Memory, when you're a mum, is a funny thing. Some things stand out sharp, like the moment I picked Ebba up for the first time, or her first bath, or the first night we laid down just staring at each other in the moonlight. But, in between these tiny blips, I pretty much remember nothing. It's not like I remember things wrong, or that they're fuzzy...it's just, kind of a black hole.
I realized this last night, and it made me a little bit sad. When it's my own memories that slide into nothingness, it's sad enough. But those first few minutes, days, weeks with Ebba -- I wanted to remember them all! Now, I find myself asking my mum and stepdad, "Did I cuddle her? How often did I feed her? What was she like? What was I like???" It's not like I don't have fond memories; as I said above, I have little blips.
But this got me to thinking... Before we had cameras and video cameras and all of that fancy stuff, did people remember things more? I'm pretty sure that my memory for facts was better pre-Google. Is it the same with memories of our own events? I actually caught myself wishing that I had had people take more pictures of us as a family. And even wishing I had been one of those annoying mums who took videos of every little burp and poop and cry my newborn did. Yes, mum, you can give me your big-eyed 'I told you so' now and whip out your camera as much as you want next time we see you!

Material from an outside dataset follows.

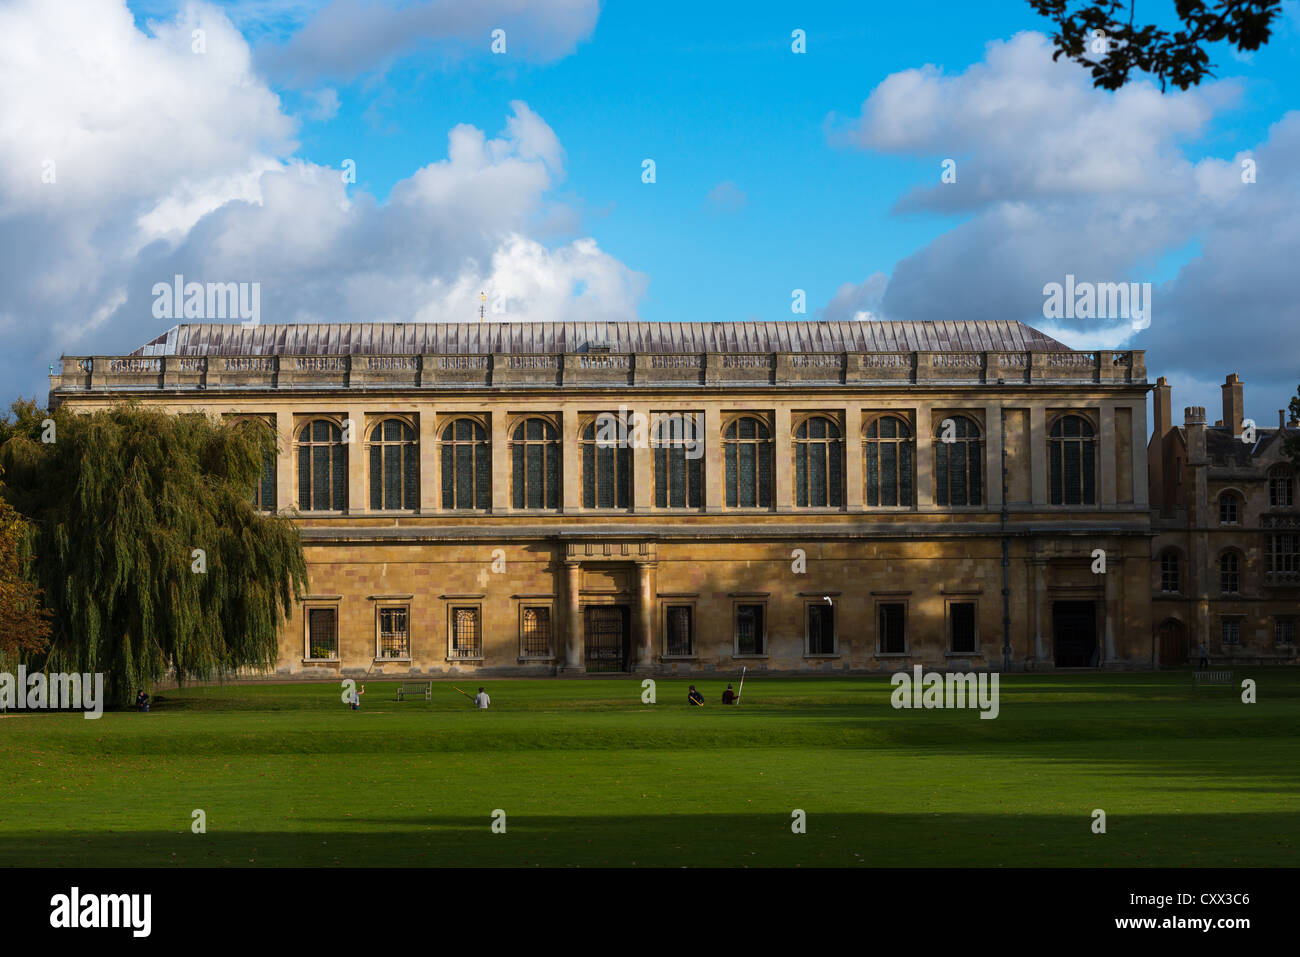 The Wren Library, Trinity College Cambridge, with punting in front on the river Cam, UK Stock Photo

Or, on second thought, maybe not! Maybe our over-reliance on electronic memory has made our own memories falter. And while it's nice to have an external, objective way to see the past, there's something so wonderful about seeing the past through your own subjective lens, remembering the attached emotions and thoughts -- things that don't come out in those high-res videos on the hard drive.
So, as an alternative, I'm going to make an effort to preserve these cherish-worthy moments as organically as I can (boy, isn't that the buzz-word of the century!), by really living in them and turning my full consciousness on them. Perhaps that will be a better way to preserve a memory. To help me, in case the mindfulness doesn't work on its own, I'm going to start journalling regularly again because there's something about writing something down that solidifies it.
And, if all else fails, I guess I'll have my photos to fall back on. :) I'm not going to venture out here without a safety net!
What are your guys' thoughts on preserving memories? Are photos the way to go? Or can we enjoy our present, and our past more by putting away the external lens and really submerging ourselves in the moment?